L’idea di Israele, secondo la visione di Maimonide, è quella di una identità collettiva che, risolta la frammentazione del principium individuationis, si compatta sulla idea aristotelica intesa come struttura, come ossatura.
In
questa idealità si intravede, secondo Martin Buber, la secolarizzazione
socialista della escatologia ebraica. Escatologia religiosa certo, che
trascendendo il messianismo si ricompone in una utopia da realizzarsi nella storia.

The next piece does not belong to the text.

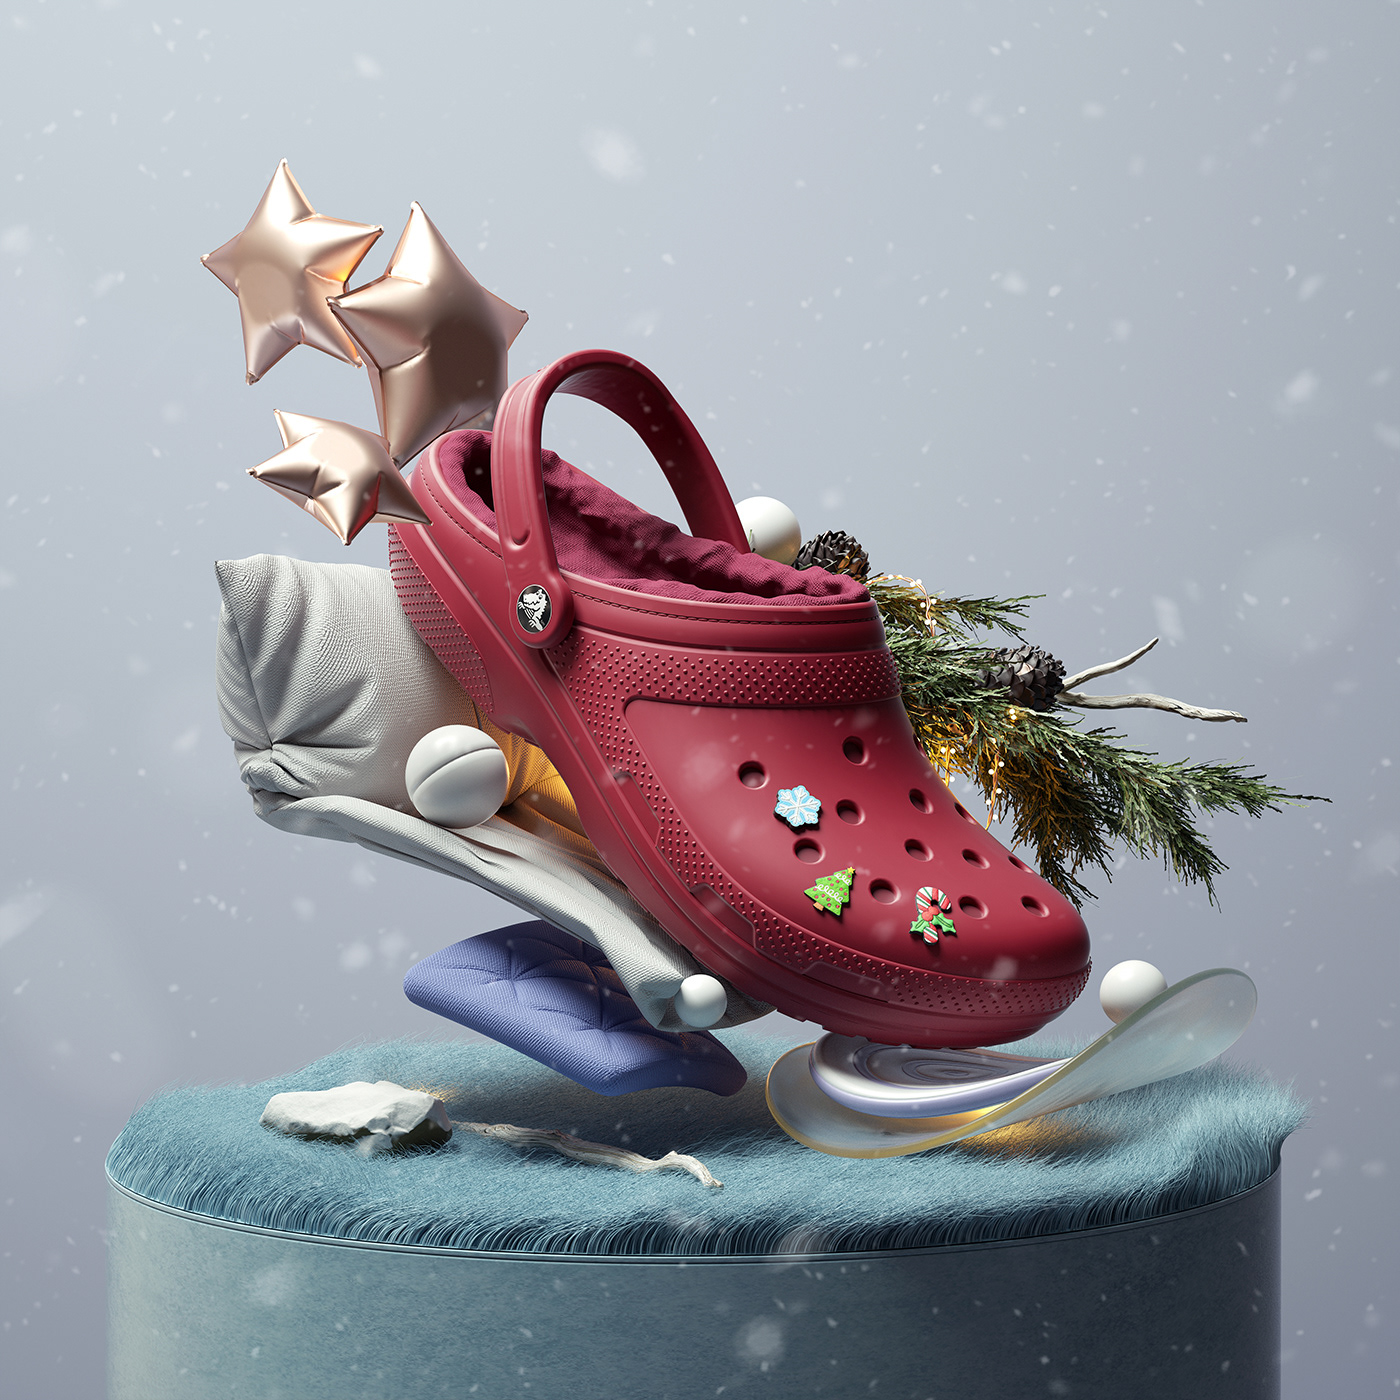 Crocs Shoes 3D design art modern cinema4d ILLUSTRATION  inspirations adobe composition

Per questo il modello collettivistico del sionismo primitivo realizzato nel kibbutz non rimanda solo ad un modello utopico
comunitario ma ad un’idea che trova suo fondamento nel progetto divino
su Israele; progetto che non è tensione ad un futuro ultramondano ma
concreta realizzazione in terra di un mondo di giustizia sociale che da
qualche millennio si propone come modello plasticamente sopravvivente
alle devastazioni e ai mutamenti della storia e delle idee che sono
fiorite e miseramente scomparse nell’avvicendarsi delle epopee umane.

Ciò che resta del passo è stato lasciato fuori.